Mike "Thighs of Thunder" Posthumus
Everything went well for about 15 minutes, as five lonely riders attempted to claw their way back to the bunch that was no longer visible up the road. We each took our turn for the greater good, driving the pace on, urging the legs for more. In my head, warning lights were flashing, sirens were blaring. Meltdown was imminent. There was about to be a reactor breach, followed by a massive explosion. I took one last look at the Thighs of Thunder before finally deploying my SchleckChute in an attempt to minimise the devastation and destruction. And within seconds, Captain Craig had done the same as he embraced his new responsibilities of looking after me.

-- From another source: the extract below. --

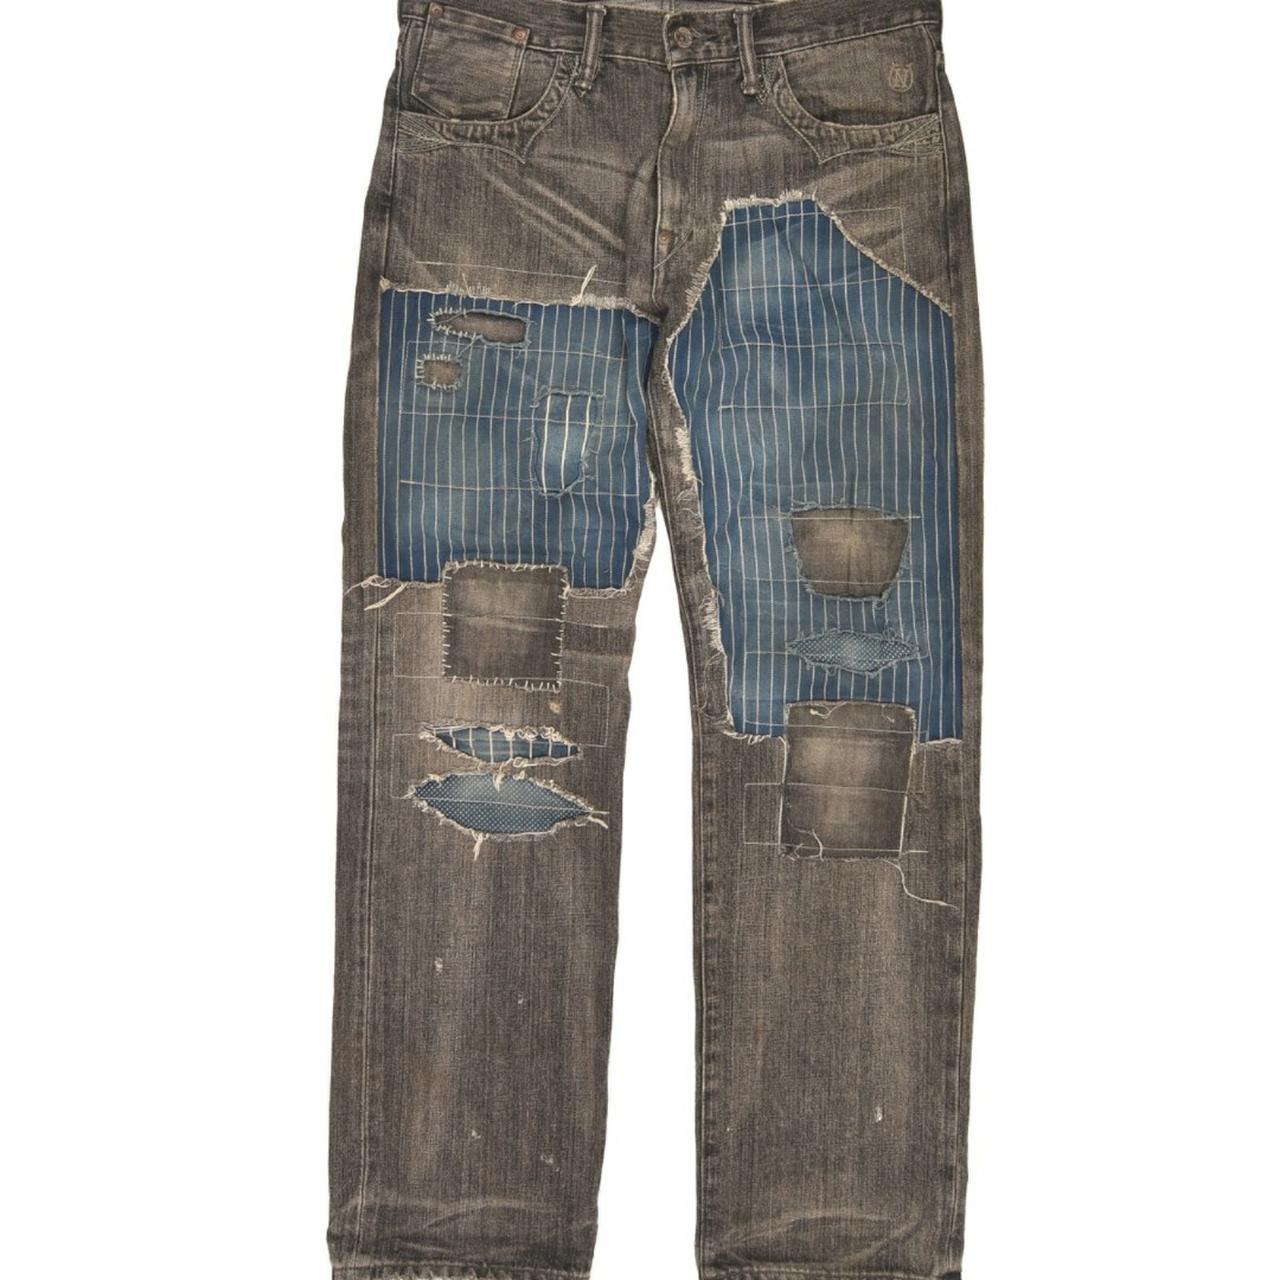 neighborhood (miner savage) boro denim jeans pants,... - Depop

Whether he could have hung onto the Destroyer of Drivetrains' wheel is a debate for another time, but it felt good knowing that I had company.

My Not-So-Happy place

As we backed off, my legs came back to me, and rather surprisingly I found myself repaying Captain Craig's earlier efforts in looking after me. The Cape Cycling Tours Train was back, and we started to make good progress, occasionally picking up a rider or two from the bunch that we'd long since given up on, but never caught sight of any of the other teams that we were racing.

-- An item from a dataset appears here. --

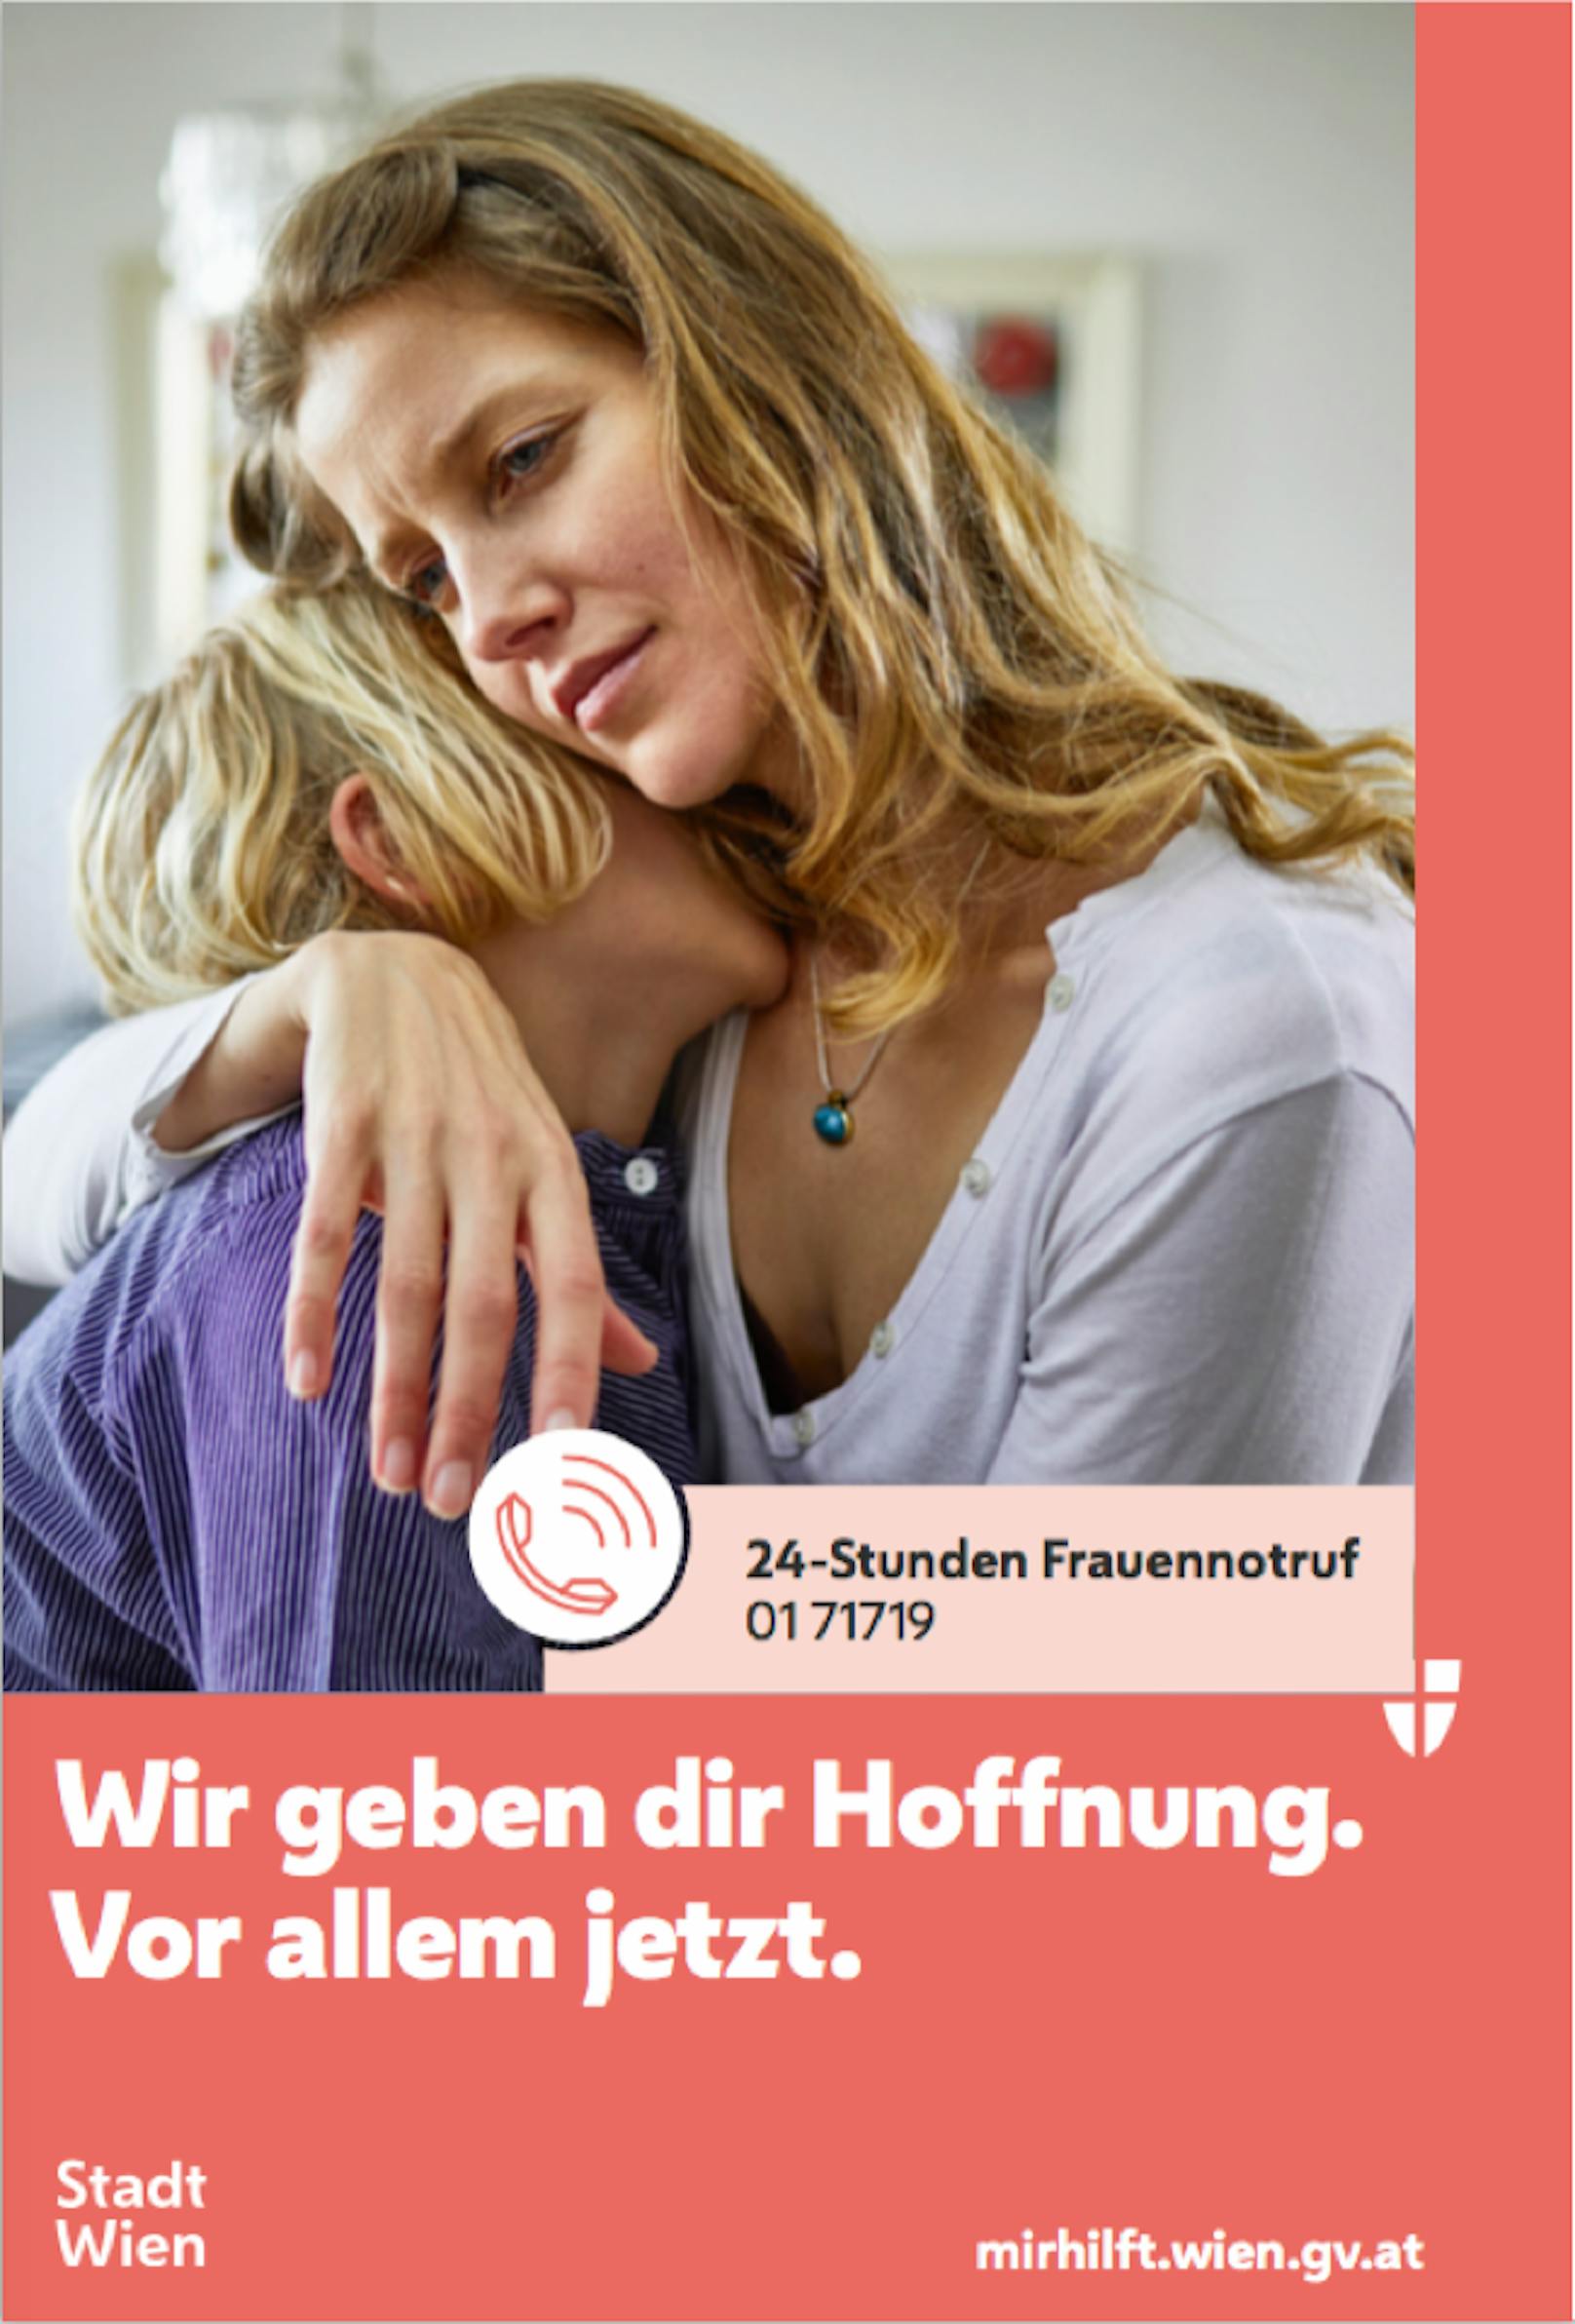 Mit dem neuen Sujet "Wir geben dir Hoffnung. Vor allem jetzt" will die Stadt Wien auf den 24 Stunden-Frauennotruf aufmerksam machen.

With the finish line looming, I burnt my final match and any hope of salvaging our sneaky plan seemed to vanish completely. I hastily gulped down a gel, hoping for one final miracle before we crossed the line. And it happened! Just as my legs were coming back, we caught sight of the Pure Savage guys ahead of us. Perhaps there was something to race for after all. Something to make the suffering and pain all worth it. With one final push, we drove towards the line, embracing the burn in our legs, hoping beyond all hope that we had done enough.

Yoki the Yeti, looking a little worse for wear. Just like me.
We crossed the line to little fanfare - we were forth on the road, but the time gaps still needed to be calculated. And eventually we got the word - we hadn't made it onto the podium. The fleeting hope we had was quickly replaced with disappointment, and annoyance as our plan had been solid, we'd just messed up the execution of it.

When the final results were published the next day we noticed an anomaly. We weren't on the results. Anywhere (given that I'd ridden in my wife's cycling top by mistake, I even checked the mixed team results). A couple of emails back and forth between the organisers and the timekeepers and they eventually found us - in third place in the men's team competition. A bittersweet reward for a poorly executed masterful plan.